Notably, we found that the distribution of SM diagnoses in our cohort was different from that in previous studies. The three most common misdiagnoses of SM in our study were seizures, hypoglycemia, and infection. Seizure accounted for the highest proportion (18%), which was consistent with most previous studies that seizure was one of the three most common diagnoses of SM6,21,22. Seizures can also show the same gaze deviation, disturbance of consciousness, and aphasia as stroke; therefore, misdiagnosis of seizures as stroke may lead to incorrect treatment and a waste of medical resources. Except for seizures, migraine and functional disorders are the two most common SM diagnoses in previous reports. Migraine with aura usually has transient hemianopsia, unilateral movement disorder, and sensory disorder23. This may be confused with transient ischemic attack, leading to a misdiagnosis of cerebrovascular disease. Functional disorders were also common in other cohorts, indicating the imitative ability of stroke patients. However, in this Chinese population, we found no patients with a final diagnosis of migraine or a functional disorder, indicating a distinct distribution of SM diagnoses between other studies and ours. A possible explanation is that symptoms in patients with migraine and functional disorders usually do not last long and recover quickly. Many of these patients may refuse further examination and hospitalization, making it difficult to determine the correct diagnosis.

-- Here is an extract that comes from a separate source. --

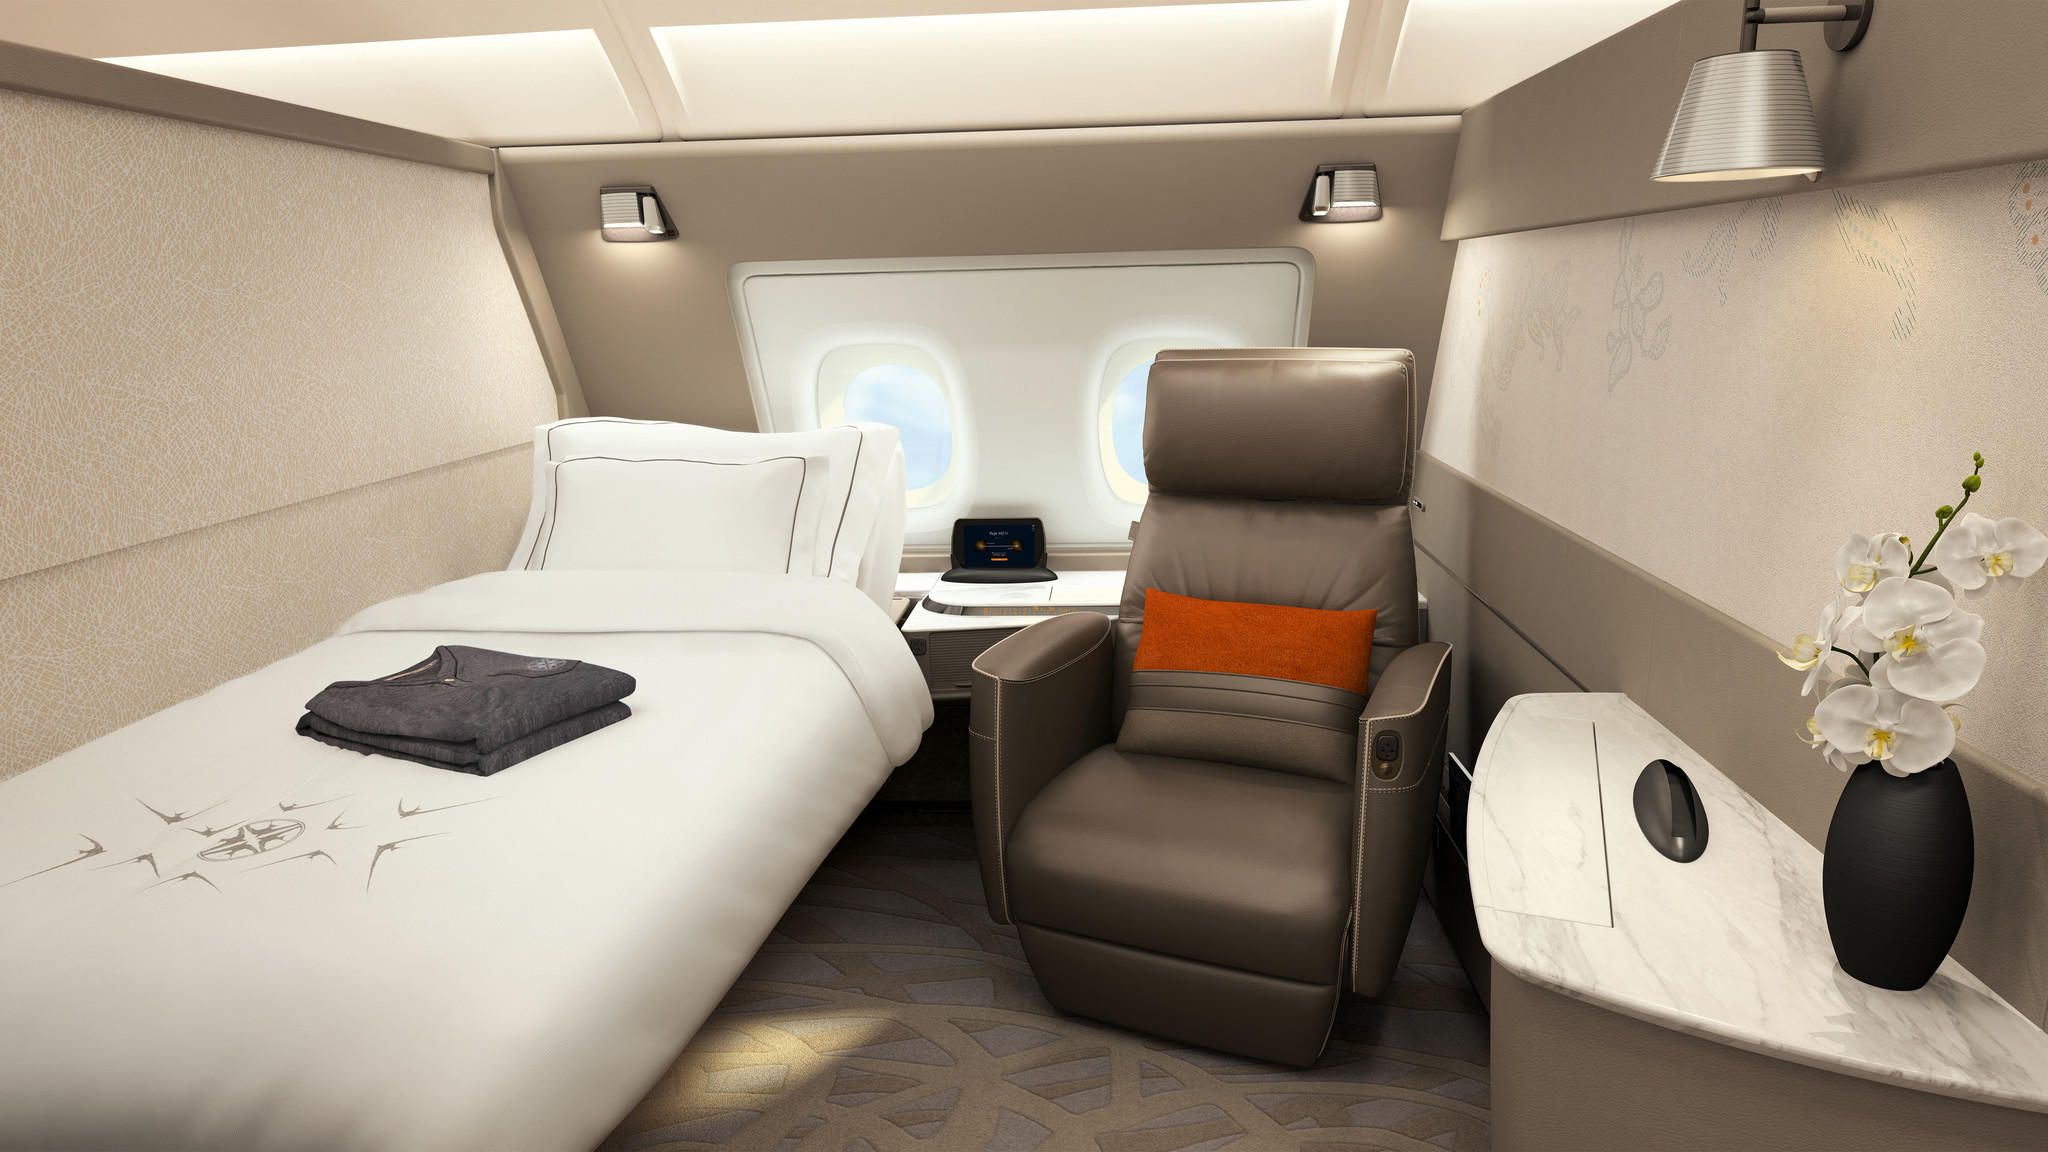 3 chiếc giường đắt đỏ hơn chiếc vé hạng nhất, cung cấp không gian thoải mái nhất trên bầu trời với giá tới hàng tỷ đồng/chuyến đi - Ảnh 9.
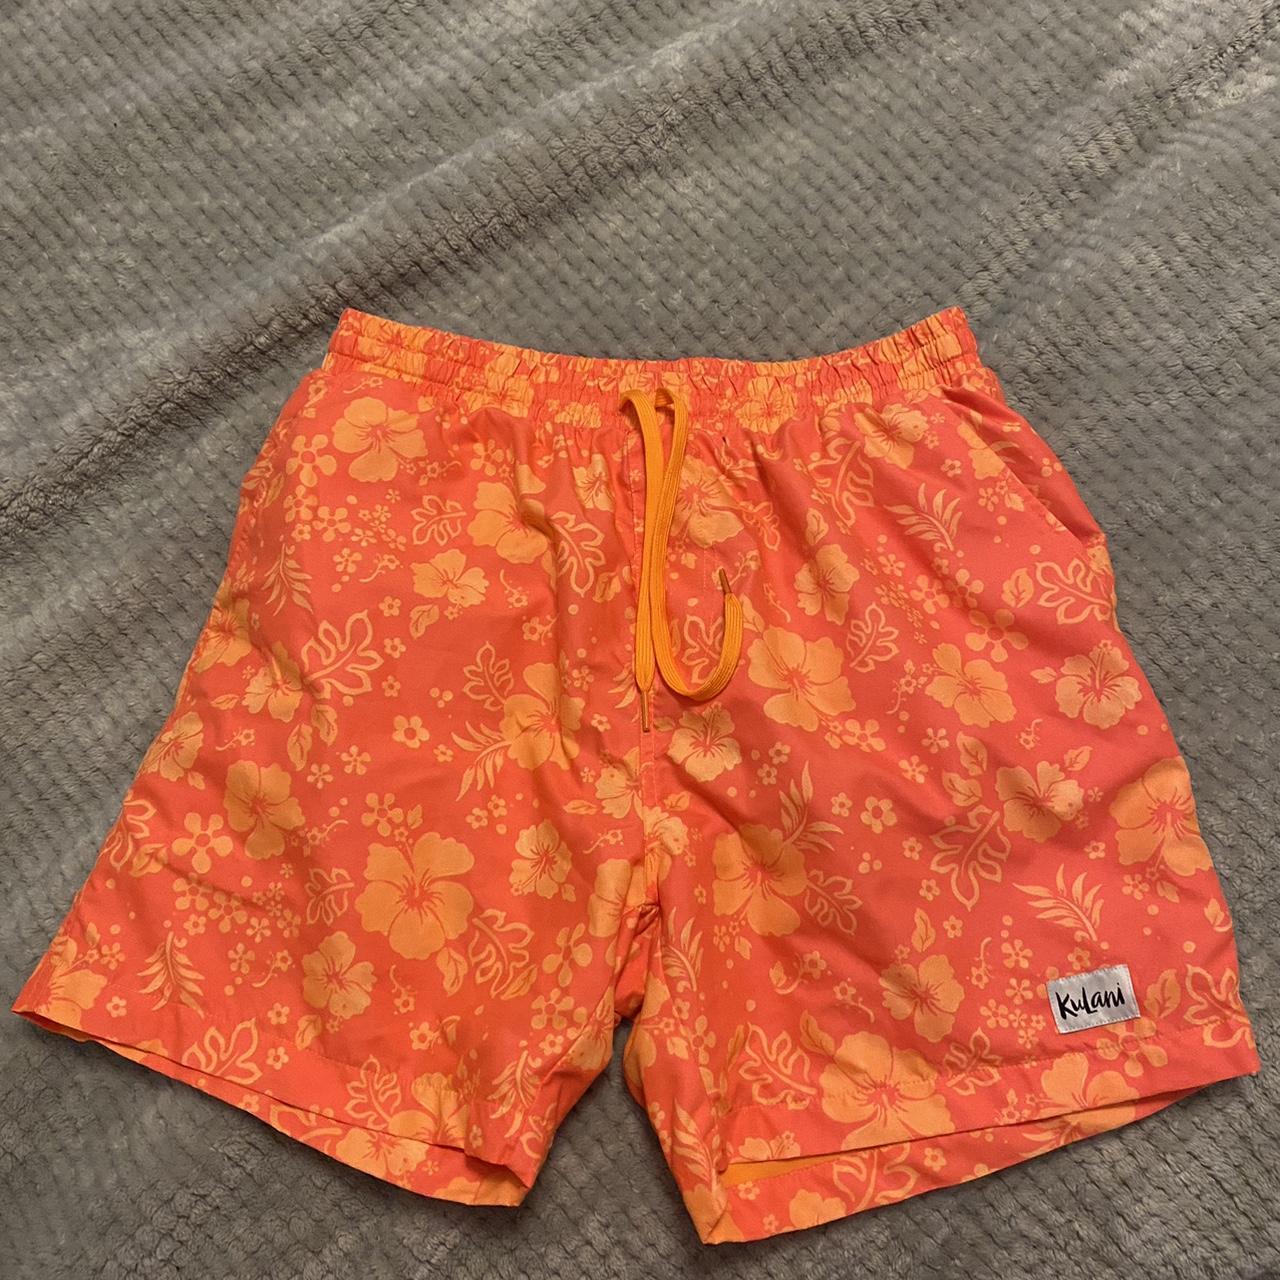 Kulani Kinis Men's Orange Swim-briefs-shorts | Depop

Our study has several limitations. First, compared with other studies, for example, with regard to FABS score, there is a selection bias in our study population because some stroke patients who were not recognized by paramedics during the pre-hospital stage were not included in the scope of our observation. Despite this, there will be a problem if we select patients according to their characteristics after arriving at the ED; that is, the symptoms of patients have changed when they arrive at the ED, which will have an impact on establishing a reliable SM recognition system that can be applied at the prehospital stage. Second, the sample size was limited, and this was a retrospective and single-center study. The algorithm should be tried on other larger population with prospective simultaneous scoring of all scores for comparison in future. Third, although the MLP model performed well in clinical use, at present, we cannot develop a concrete score system based on the MLP model because the hidden layer in the model is unexplainable. We will attempt to add procedures that can provide factor interpretation to strengthen the interpretability of the MLP model to continuously optimize the strategy of prehospital SM identification. However, it is believed that, as it is often used in medicine, the ability to explain how results are produced can be less important than the ability to produce such results and empirically verify their accuracy24. Additionally, CSM is based on the validation of the causal relationship; for example, smoking causes lung cancer, and intervention in smoking may affect the incidence of lung cancer. Unlike CSM, SM is a diagnosis rather than an event that needs to be analyzed through causality. Therefore, it is not essential to obtain a clear cause through the MLP model, but should focus on how to improve the diagnostic accuracy.

Conclusions

The restricted time window requires a more accurate and intelligent classifier during prehospital triage. The MLP model is an effective tool for differentiating stroke and SM patients, and performs better than other SM probability scales for prehospital stroke recognition. Further prospective validations are needed for MLP model in a larger sample-size data.